Exercise objective
Reproduce the listing in full, exactly as written, but without images.

Data excerpt

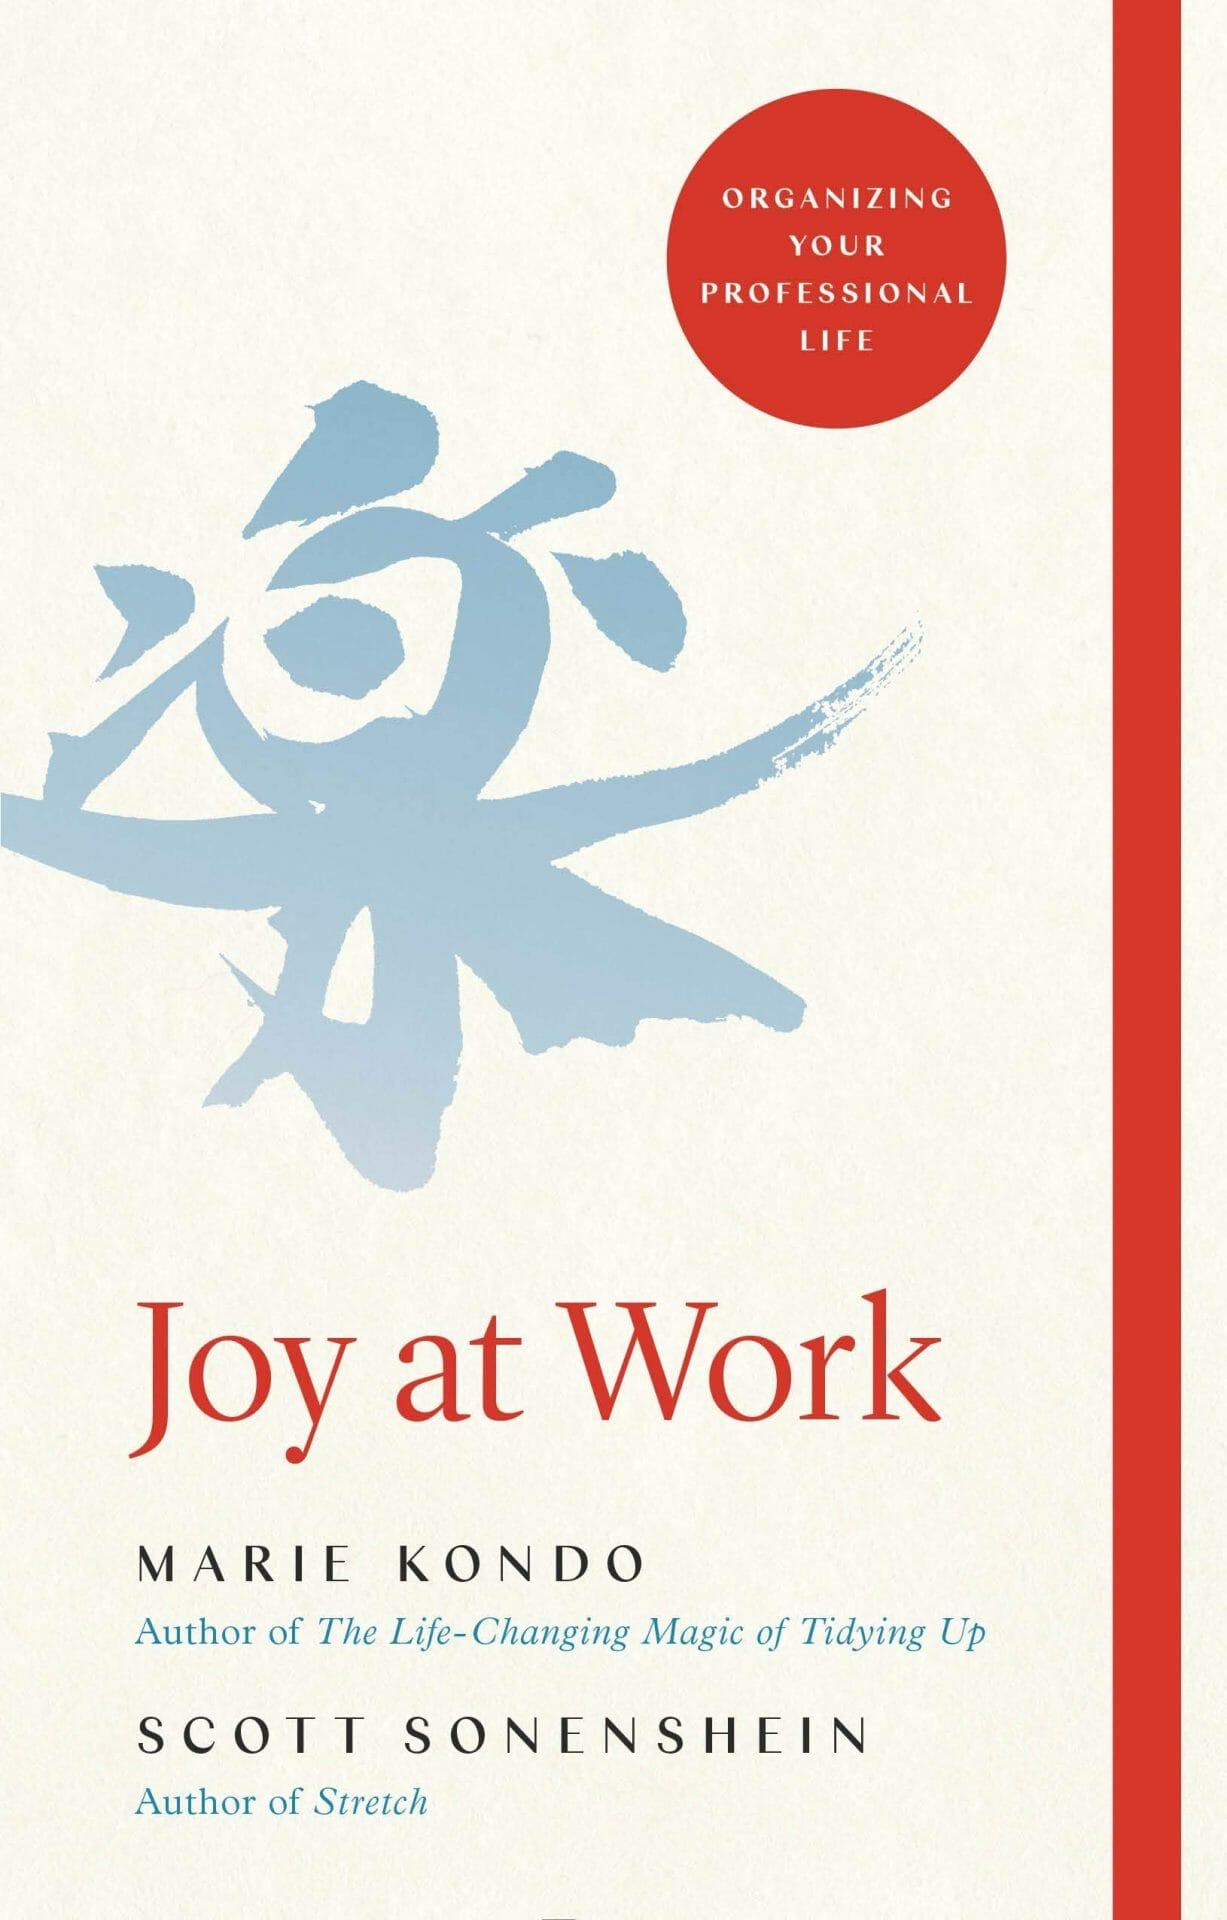 joy at work book
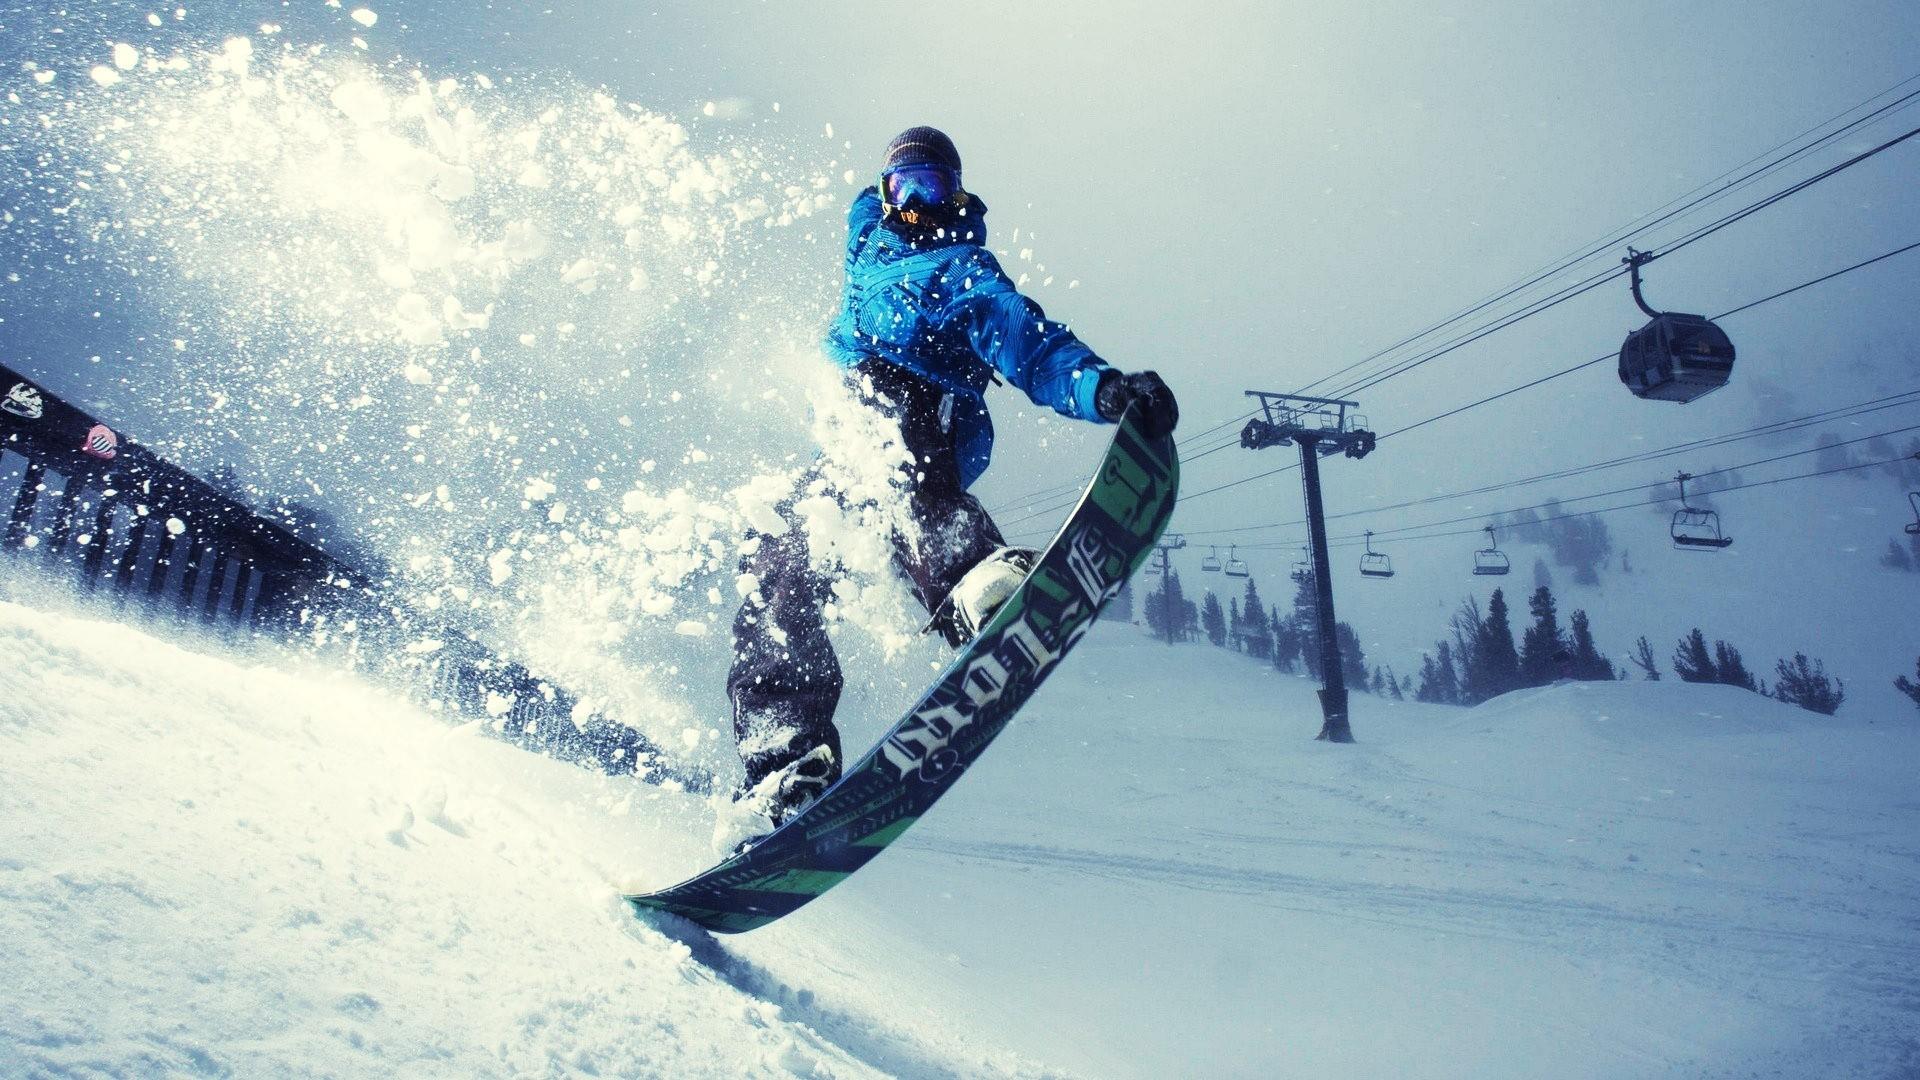 Adenture sports - Snowboarding
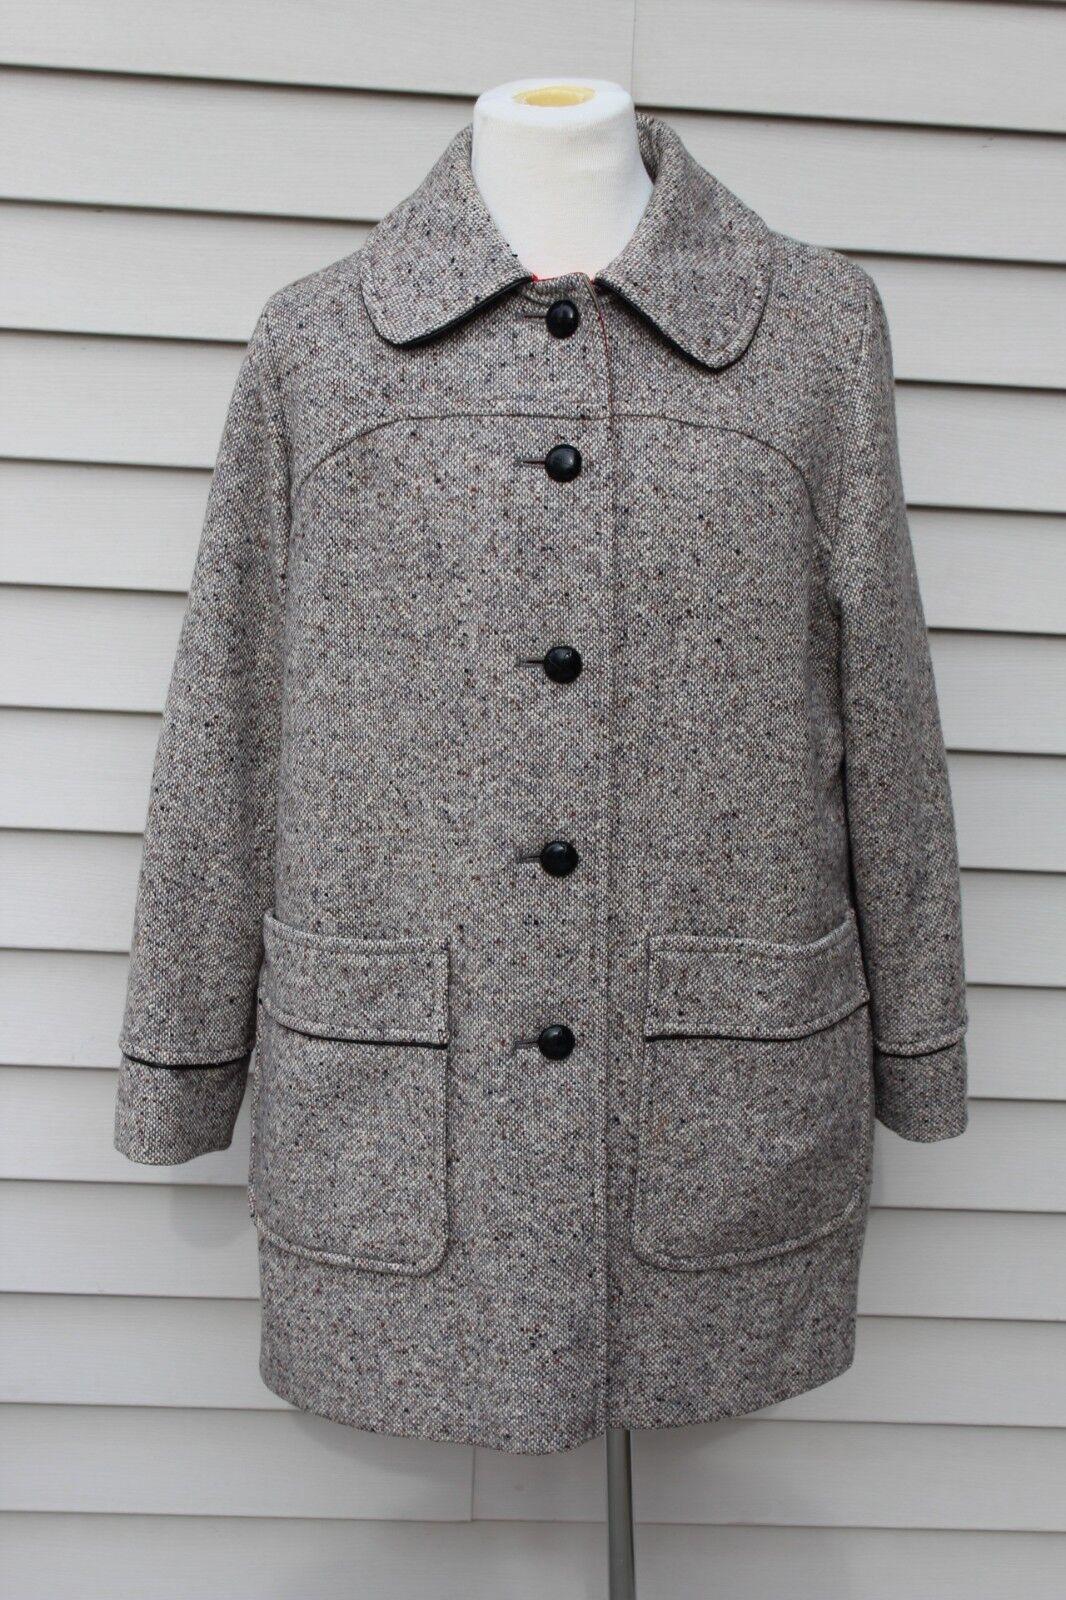 VTG Penguin Fashions Wool Blend Ladies Coat Plaid Leather Buttons Size 14 USA
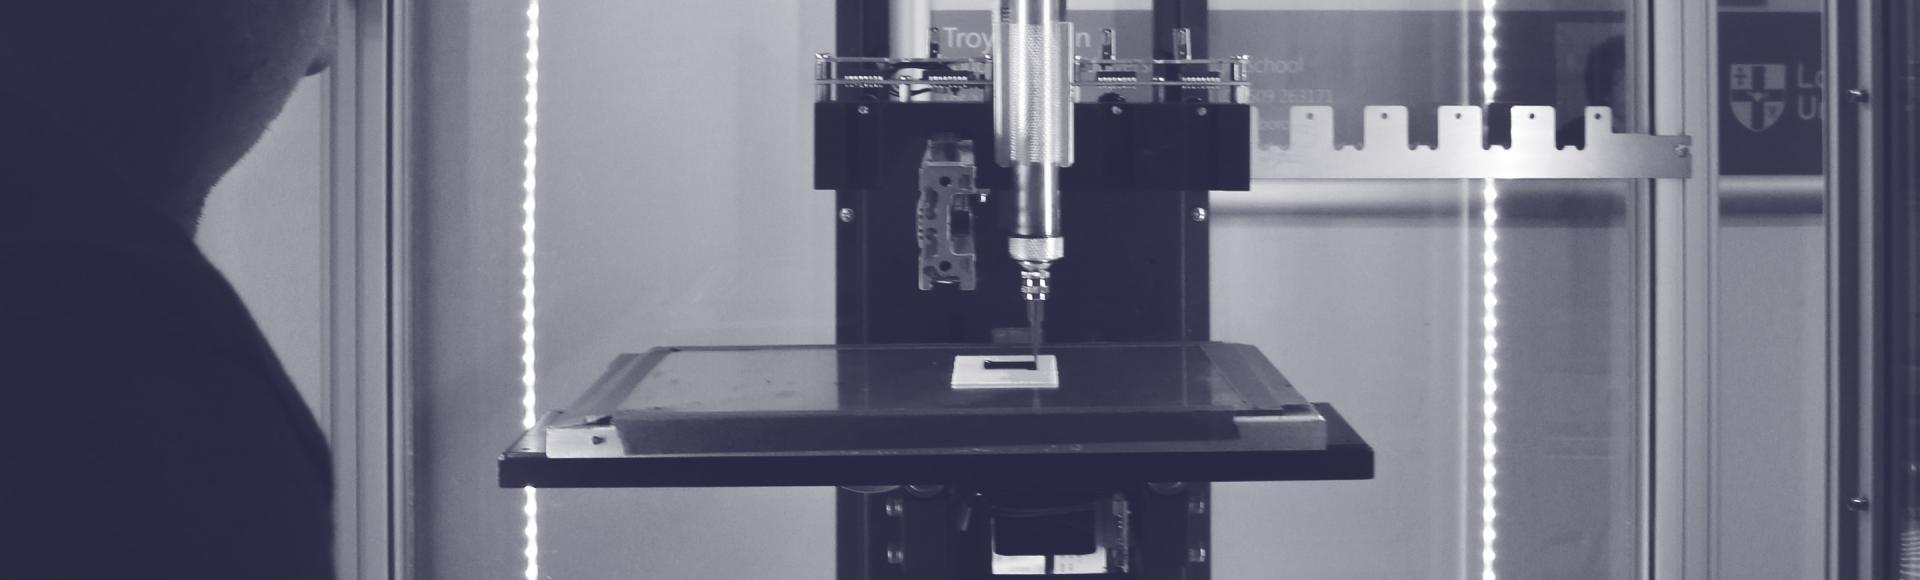 ARK-Invest_Blog-Banner_2016_07_22---3D-Printing-Industry

Answer section
 joy at work book
 Adenture sports - Snowboarding
 VTG Penguin Fashions Wool Blend Ladies Coat Plaid Leather Buttons Size 14 USA
 ARK-Invest_Blog-Banner_2016_07_22---3D-Printing-Industry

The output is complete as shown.